Browse below to see videos and synopses of previous lectures at the College, which have touched on everything from neuroscience to suicide prevention.

2021 lectures

Webinar: Psychopathology the Foundational Discipline of Psychiatry

Date: 18 November 2021

Synopsis

Psychopathology is the precise description, categorisation and definition of abnormal experiences as recounted by the patient and observed in behaviour. It relies on the method of phenomenology by focusing on experienced phenomena to establish their universal character. The aim is to listen attentively, to accurately observe and to understand the psychological event or phenomenon by empathy so that the clinician can, as far as possible, know what the patient's experience must feel like.

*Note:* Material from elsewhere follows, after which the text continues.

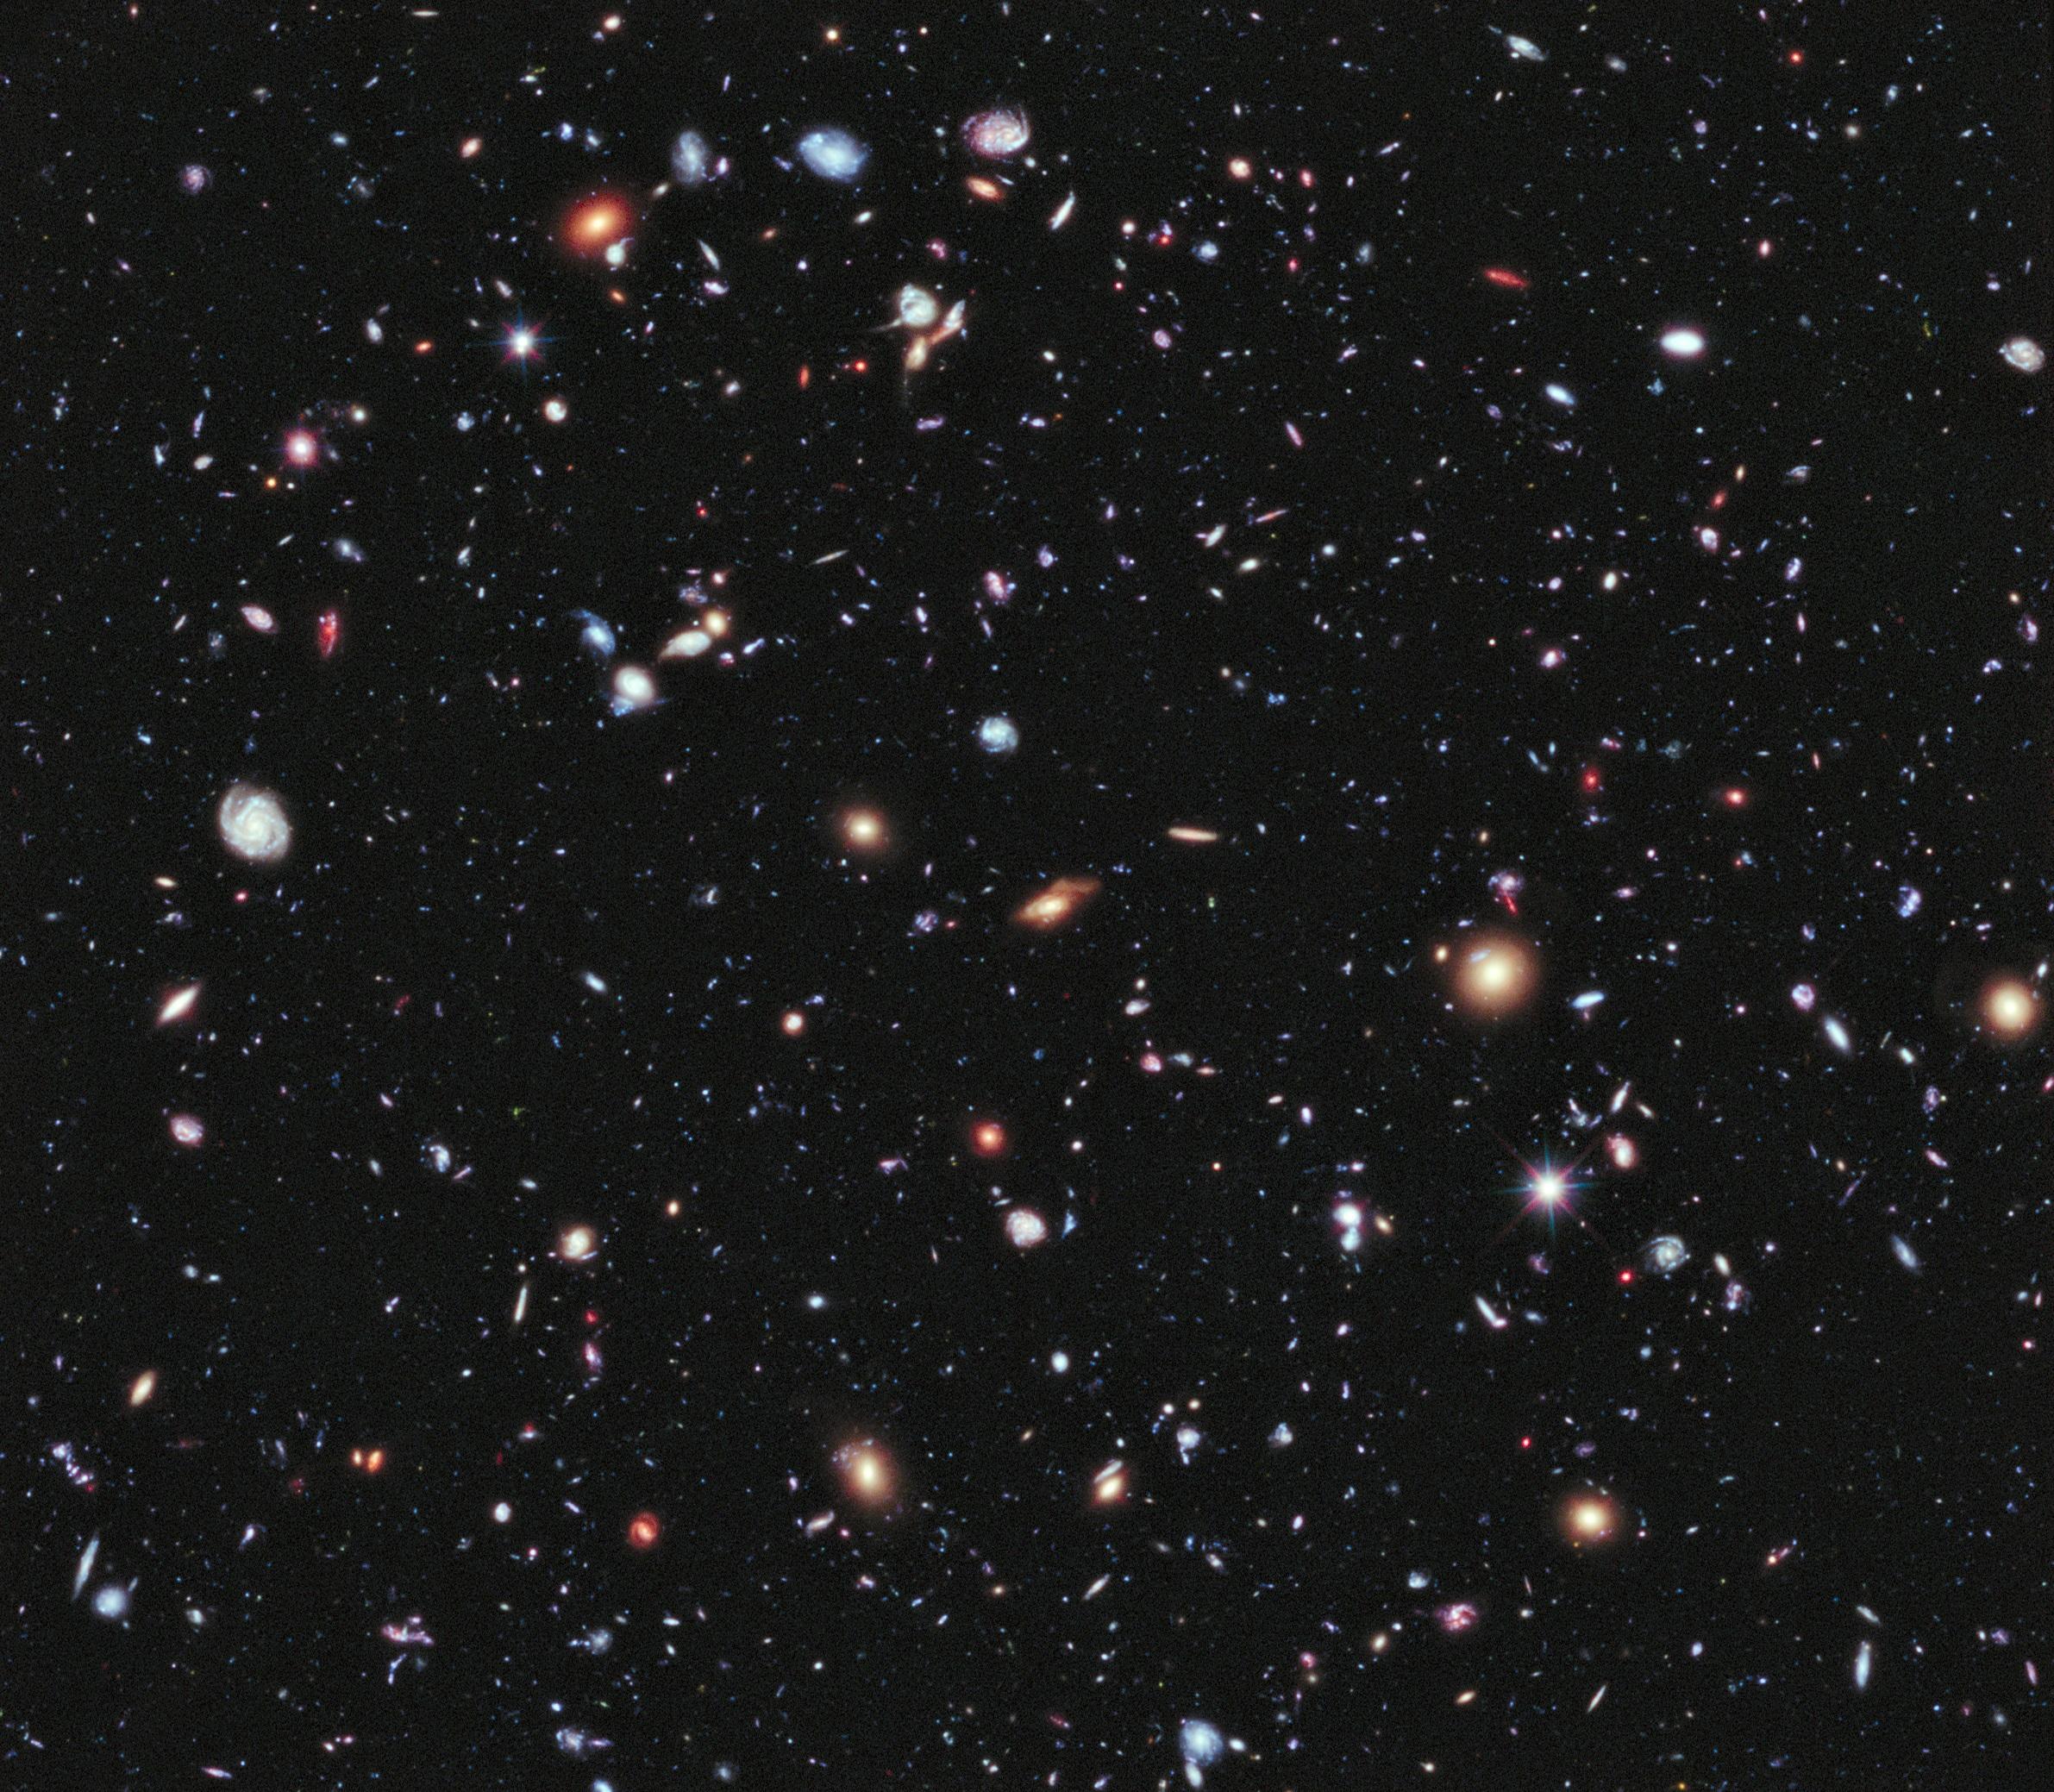 Ekstremalnie Głębokie Pole Hubble'a (eXtreme Deep Field, XDF)

In this talk Professor Oyebode distinguishes between psychopathology and nosology. He focuses on delusions with a view to illustrating a novel approach to thinking about delusions and suggests that there is a need to privilege psychopathology in psychiatric training. He concludes by summarising the value of psychopathology for psychiatry.

Speaker biography

Professor Femi Oyebode was born in Lagos Nigeria. He studied medicine at the University of Ibadan Nigeria, graduating with distinction in 1977. He arrived in the UK in 1979 and trained as a psychiatrist in Newcastle-Upon-Tyne. He has been Consultant Psychiatrist in Birmingham since 1986 and Honorary Professor of Psychiatry at the University of Birmingham since 1999. He was Head of Department of Psychiatry from 2003-2009.

He is Associate Editor of the British Journal of Psychiatry and on the Editorial Boards of BJPsych Bulletin and BJPsych Advances. He was Chief Examiner of the Royal College of Psychiatrists from 2002 to 2005. He is author of Sims’ Symptoms in the Mind (4-6th editions) which has been translated into Arabic, Estonian, Italian, Korean, Mandarin, Portuguese, and Spanish. His other books include Madness and the Theatre and Psychopathology of Rare and Unusual Syndromes. He also edited Mindreadings: Literature and Psychiatry.

He is also a poet and literary critic. His volumes of poetry include Naked to your softness and other dreams, Master of the Leopard Hunt and Adagio for Oblong Mirrors. He contributed critical essays to the Oxford Companion to 20th century Poetry and Oxford Companion to Modern Poetry. He received the Royal College of Psychiatrists’ Lifetime Achievement Award in 2016 and the highest award of the Royal College of Psychiatrists, the Honorary FRCPsych, in 2019.

Webinar: The LGBTQ Journey in Psychiatry and the American Psychiatric Association

Date: 20 May 2021

Synopsis

APA CEO and Medical Director Dr Saul Levin, M.D., M.P.A., FRCP-E, FRCPsych, shares his story and perspectives as both a gay psychiatrist and international medical graduate, reviews current policy developments affecting LGBTQ people in the United States and internationally, discusses discrimination and homophobia, and addresses efforts within the APA on LGBTQ issues.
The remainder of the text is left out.